In the listing below, locate the line containing "La Cafetiere Ceramic" and the line containing "Assamese Love Shayari". Output both of them and every line between, exactly as written, and nothing more.

> [Records to process]:
+===+

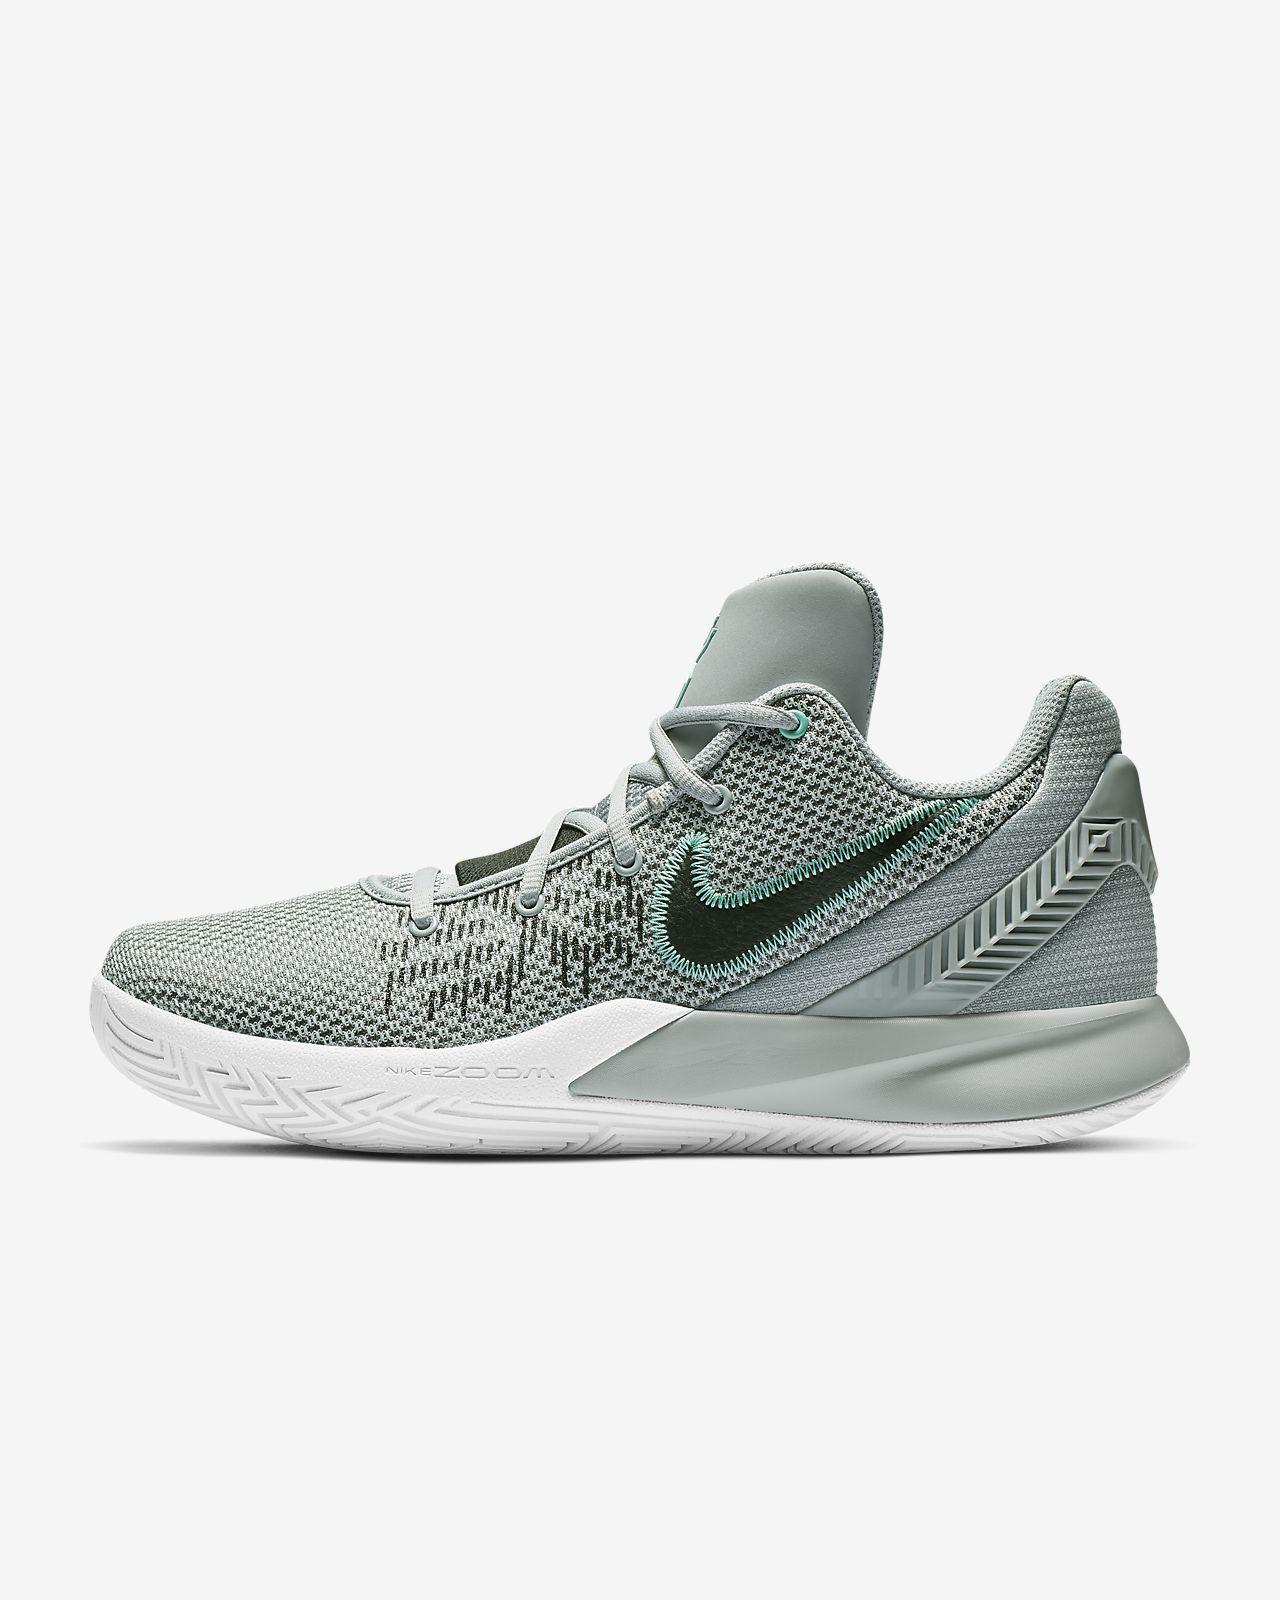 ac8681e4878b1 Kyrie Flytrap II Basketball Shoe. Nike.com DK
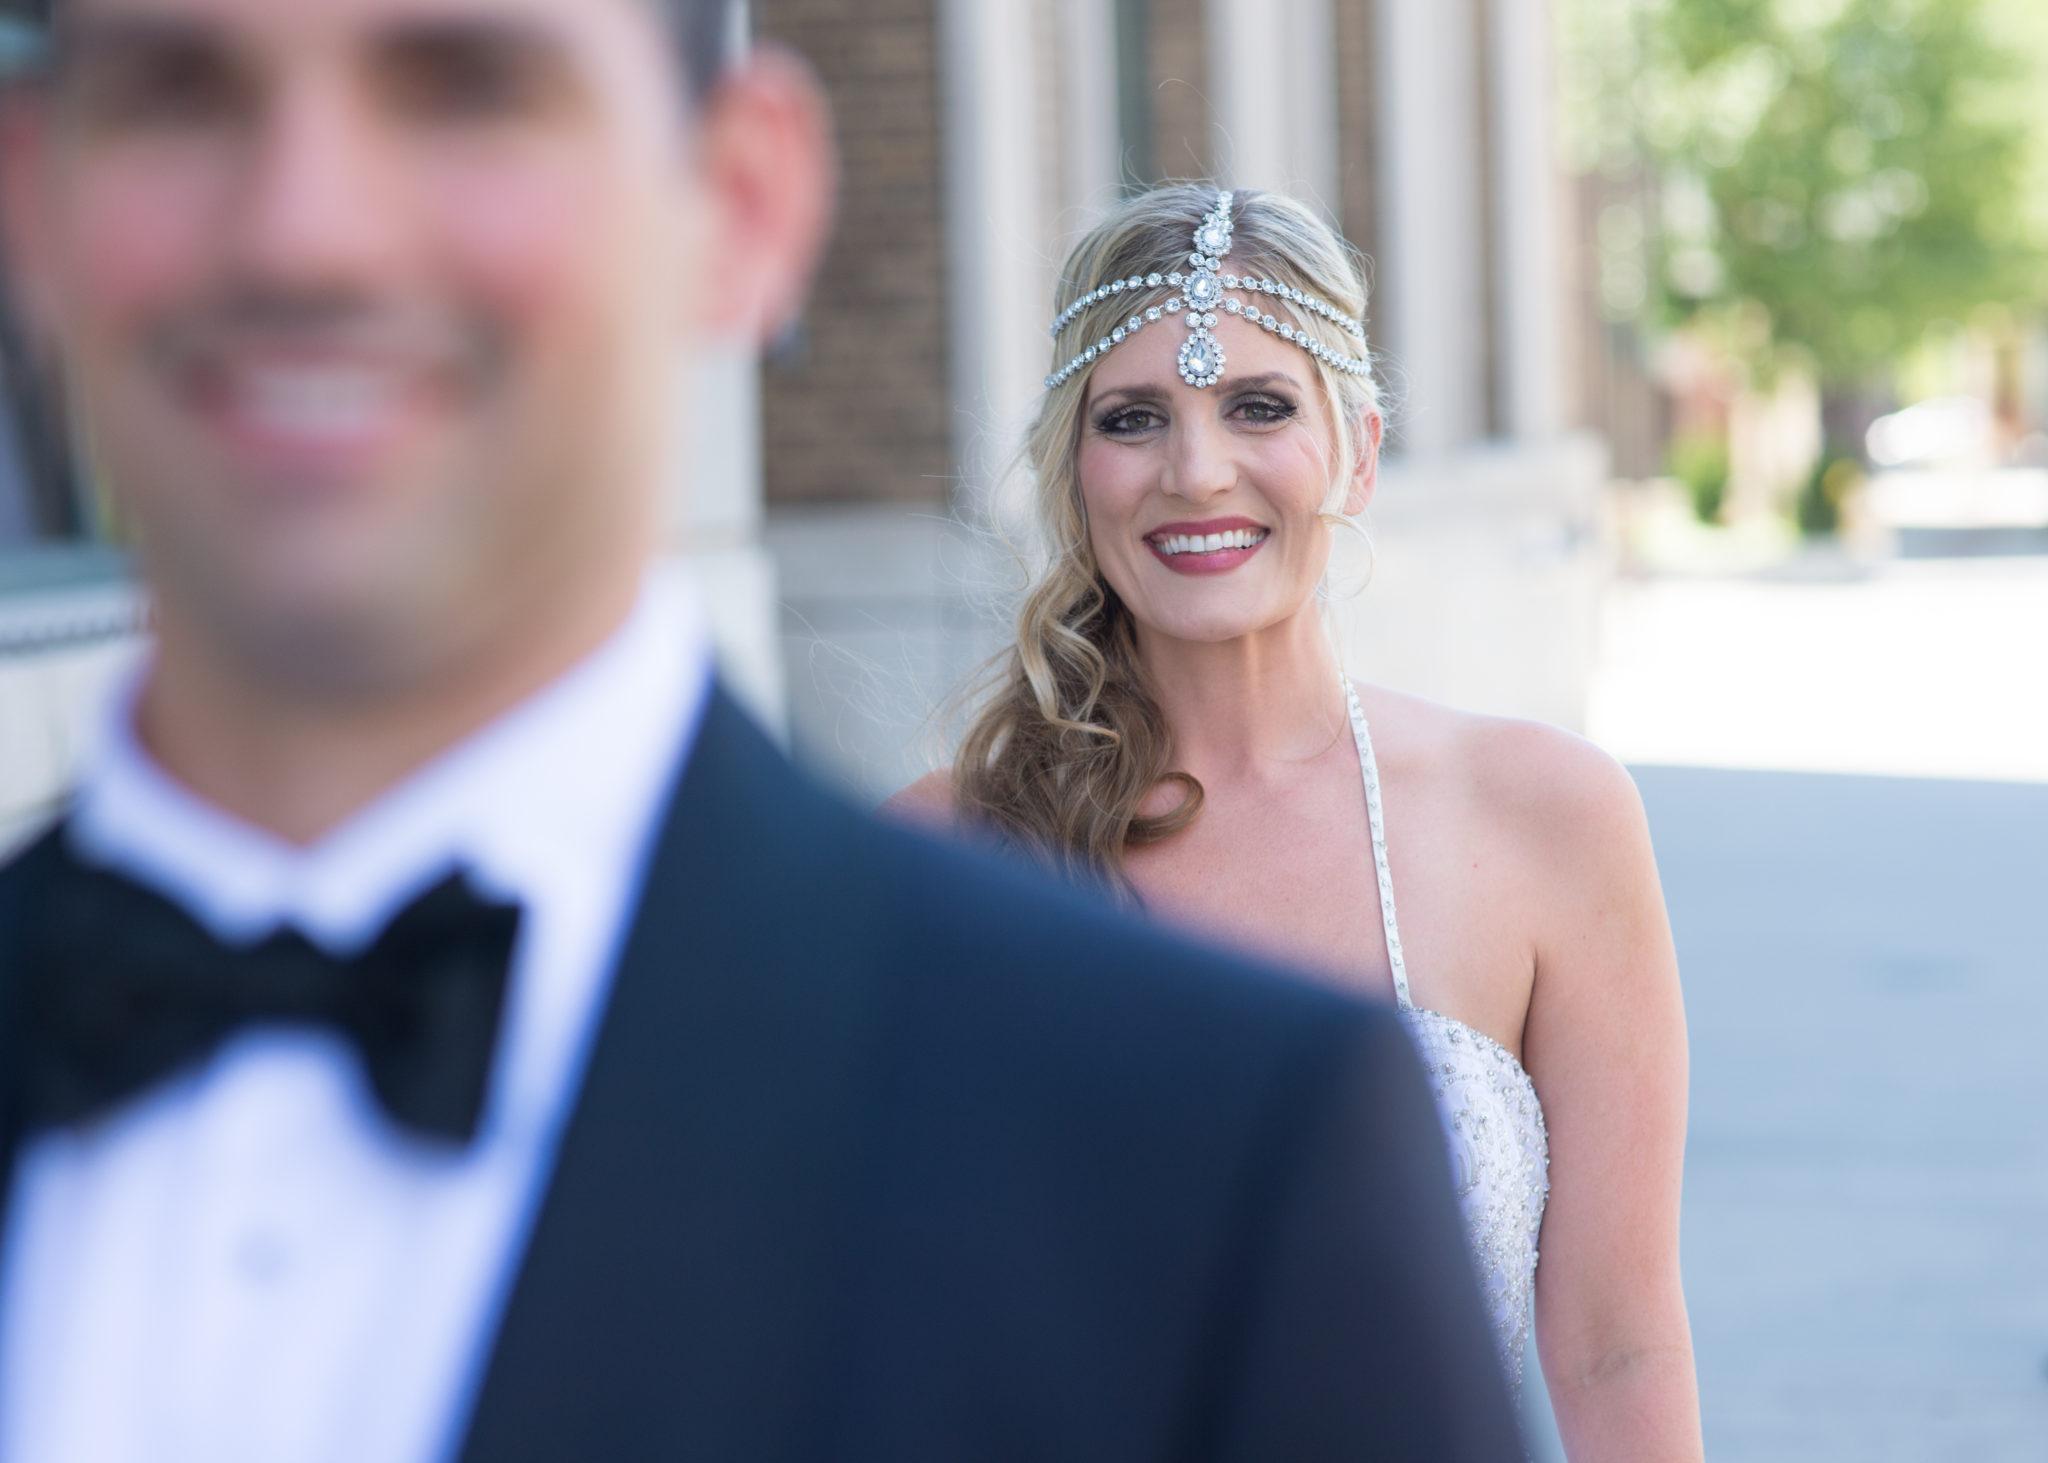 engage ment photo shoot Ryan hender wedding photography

+===+

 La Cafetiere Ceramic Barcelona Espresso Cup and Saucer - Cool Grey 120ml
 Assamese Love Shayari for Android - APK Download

+===+

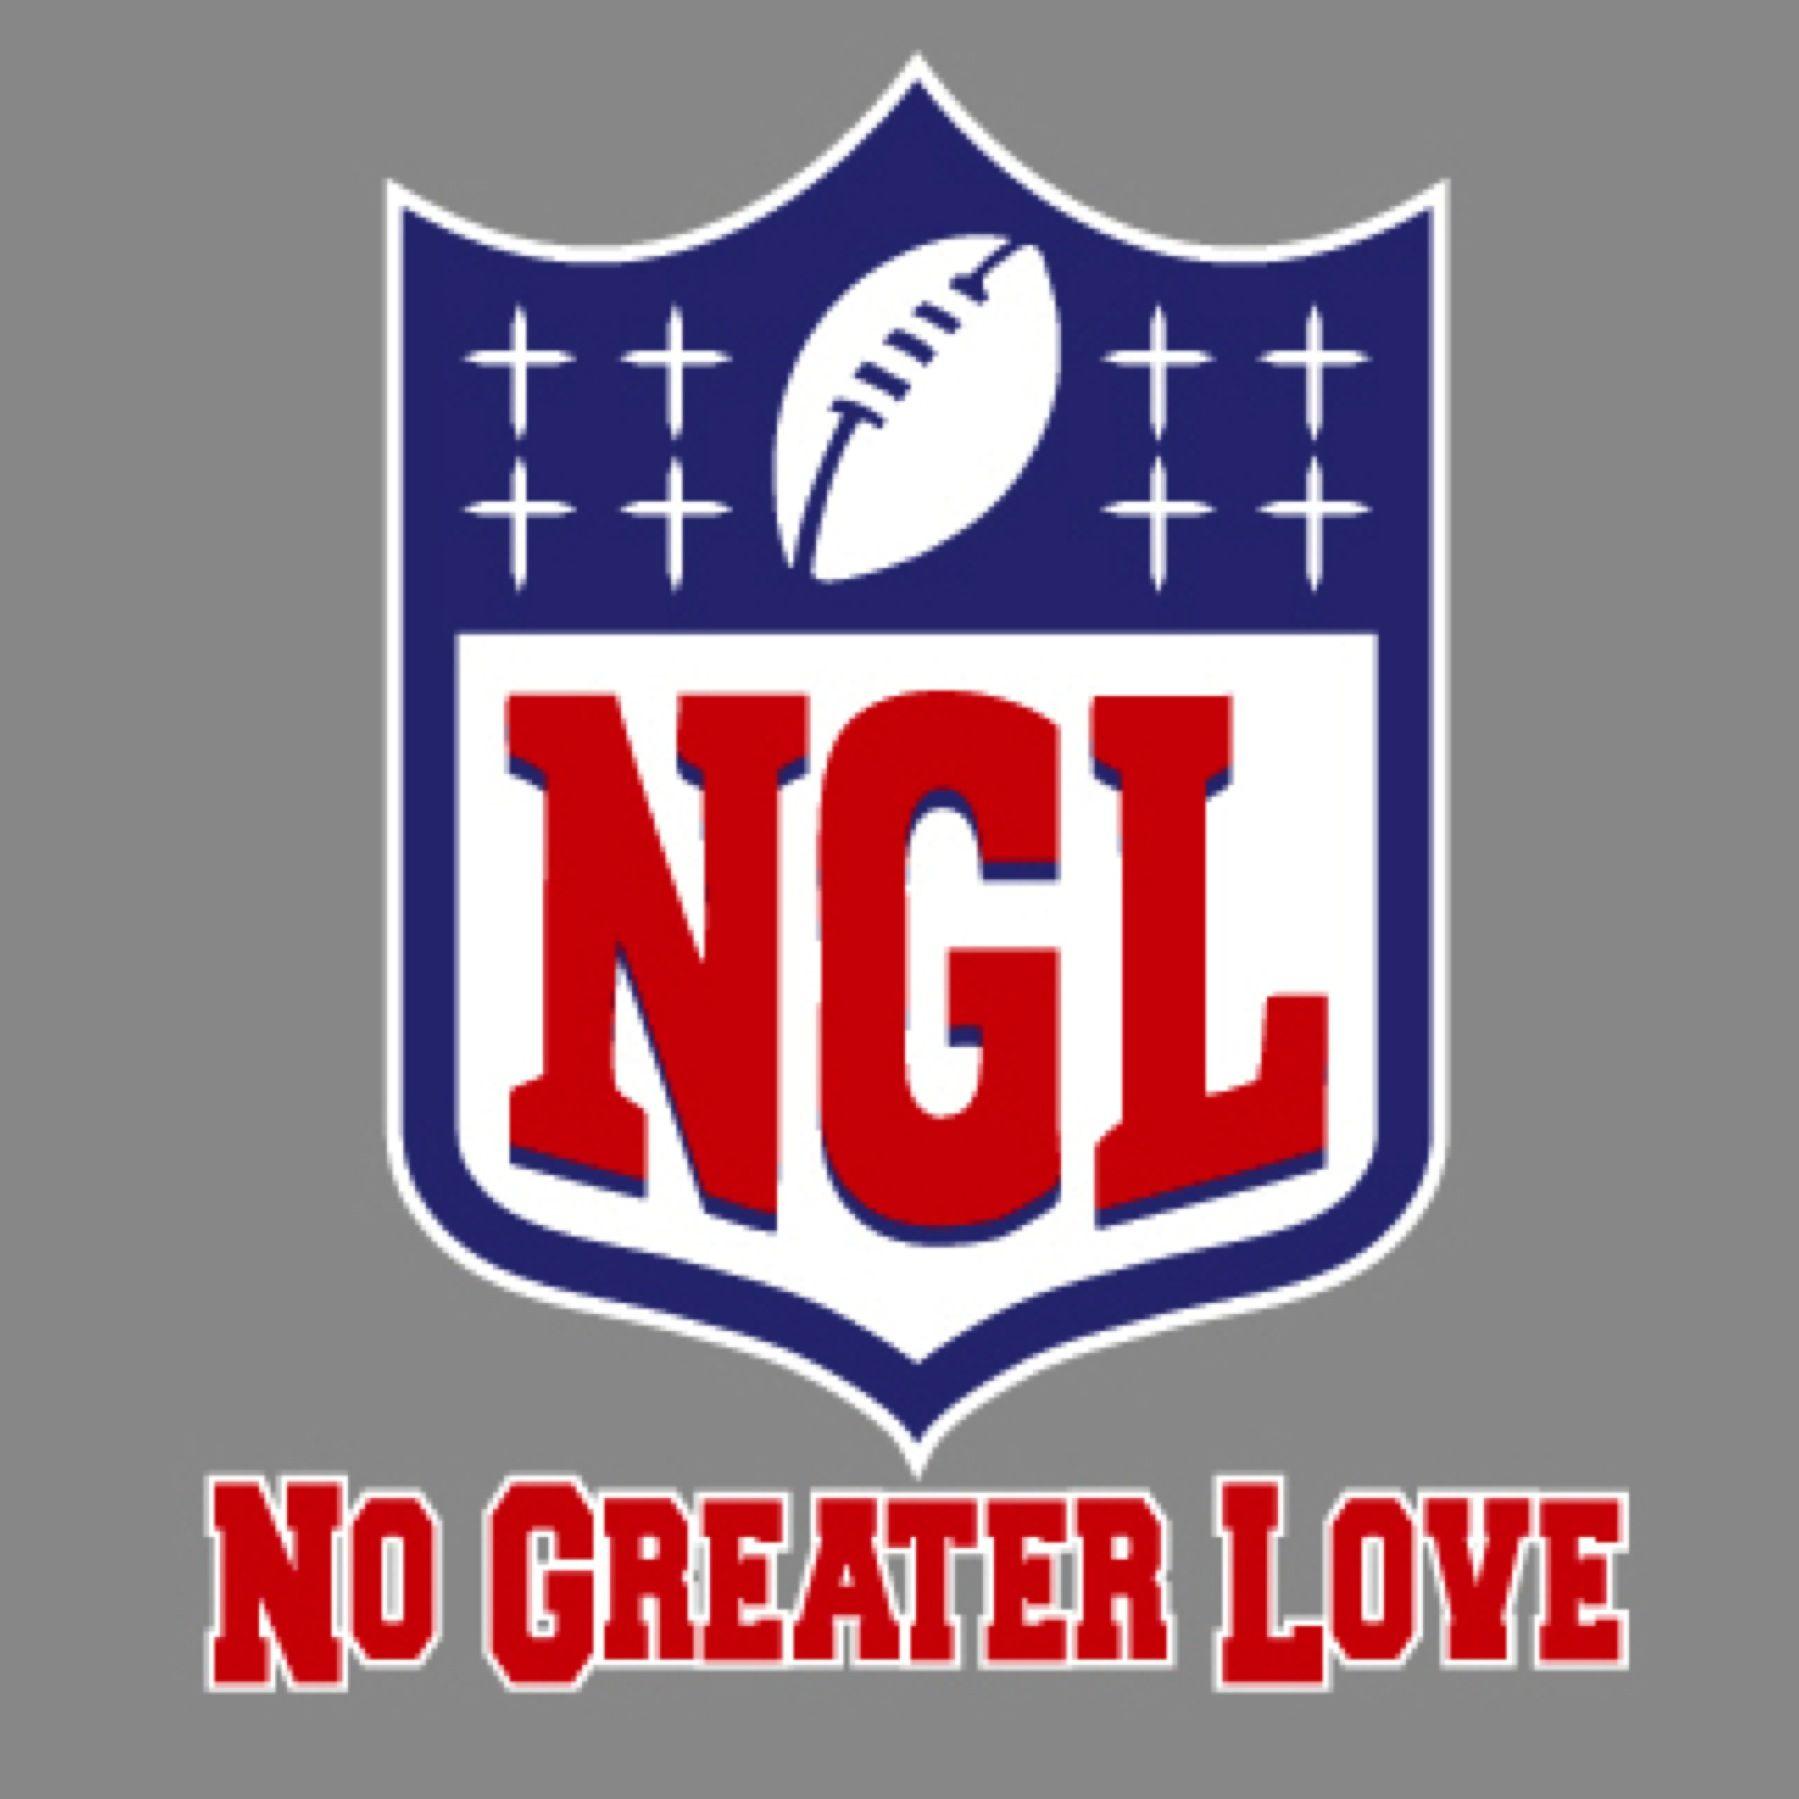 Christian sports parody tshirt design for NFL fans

+===+

> [Result]:
 La Cafetiere Ceramic Barcelona Espresso Cup and Saucer - Cool Grey 120ml
 Assamese Love Shayari for Android - APK Download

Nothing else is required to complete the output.